Problem definition : The rapid expansion of distributed energy resources (DERs) is one of the most significant changes to electricity systems around the world. Examples of DERs include solar panels, electric storage, thermal storage, and combined heat and power plants. Because of the small supply capacities of these DERs, it is impractical for them to participate directly in the wholesale electricity market. We study in this paper the question of how to integrate these DER supplies into the electricity market, with the objective of achieving full market efficiency. Methodology/results : We study four aggregation models, where there is an aggregator who, with the knowledge of DERs’ utility functions and generations, procures electricity from DERs, and sells them in the wholesale market. In the first aggregation model, a profit-maximizing aggregator announces a differential two-part pricing policy to the DER owners. We show that this model preserves full market efficiency, that is, the social welfare achieved by this model is the same as that when DERs participate directly in the wholesale market. In the second aggregation model, the profit-seeking aggregator is forced to impose a uniform two-part pricing policy to prosumers from the same location, and we numerically show that there can be large efficiency loss. In the third (fourth) aggregation model, a uniform (semiuniform) two-part pricing policy is applied to DER owners, whereas the aggregator becomes fully regulated but is guaranteed nonnegative (positive) profit. It is shown that these models again achieve full market efficiency. Furthermore, we show that DER aggregation also leads to a reduction in the market power of conventional generators.

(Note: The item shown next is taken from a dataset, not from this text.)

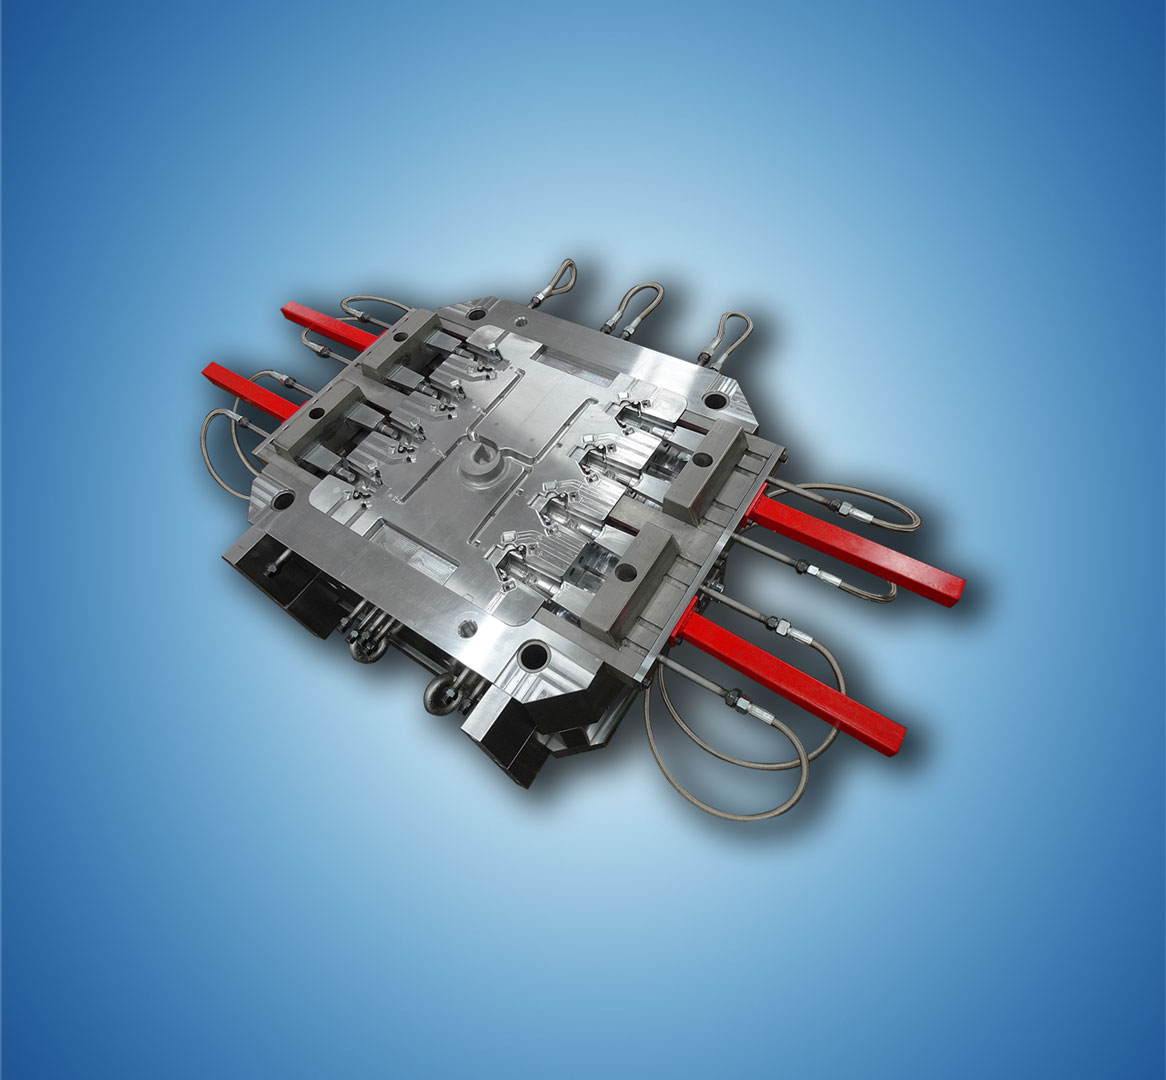 Ero-Projekt-d.o.o.-Toolshop-Werkzeugbau-7-Orodja-za-tlacno-litje-_-slika-2

Managerial implications : DER aggregation via profit-seeking and/or regulated aggregators has been investigated by California Independent System Operator and New York Independent System Operator, among others, and the recent Federal Energy Regulatory Commission Order No. 2222 paved the way for aggregators to bid in the wholesale market. Our four aggregation models may shed light on how DERs should be included in the wholesale electricity market.

Suggested Citation

  • Zuguang Gao & Khaled Alshehri & John R. Birge, 2024. "Aggregating Distributed Energy Resources: Efficiency and Market Power," Manufacturing & Service Operations Management, INFORMS, vol. 26(3), pages 834-852, May.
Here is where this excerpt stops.